Going back to your example of the Winnipeg lab, I think it's also important to note that it's sometimes easier to make certain information public when the risk has been mitigated. This was a major factor in the new disclosure in the Winnipeg lab file.

10:15 a.m.

Bloc

René Villemure Bloc Trois-Rivières, QC

Thank you.

10:15 a.m.

Liberal

The Chair Liberal Ron McKinnon

Thank you, Mr. Villemure.

Mr. MacGregor, you have two and a half minutes, please.

10:15 a.m.

NDP

Alistair MacGregor NDP Cowichan—Malahat—Langford, BC

Thank you, Mr. Chair.

Mr. Bilodeau, I appreciate your earlier answers to the many questions you've received on the definition of “arrangement”. The committee is in receipt of a letter from Canada's research universities. I just want to quote something from their letter:

Greater clarity is needed on how an arrangement will be defined under the Act and whether it would capture research partnerships, funding agreements or other international research activities conducted with publicly funded universities, research institutions or foreign research funding agencies which may be considered foreign principals under the Act.
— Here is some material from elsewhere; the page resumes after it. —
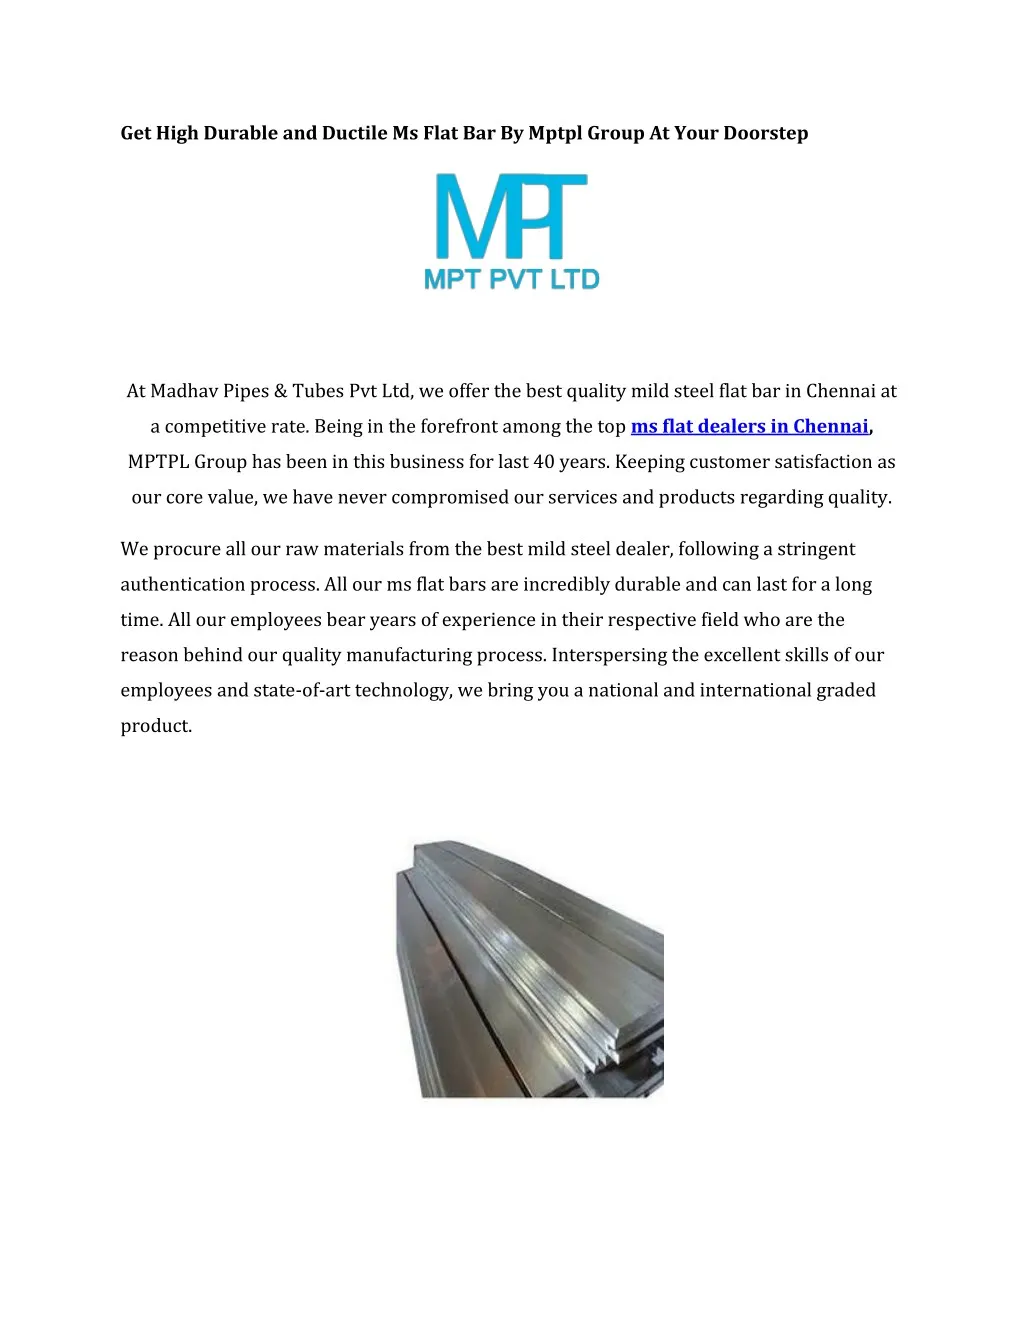 get high durable and ductile ms flat bar by mptpl

The risk of a chilling effect on international research partnerships as an unintended consequence of the registry’s reporting requirements could significantly harm relationships with international peers and mean that Canada misses out on the opportunity to cooperate on cutting-edge research and access world-leading expertise with peer nations.

I was wondering, sir, if you could comment on that concern raised with the committee.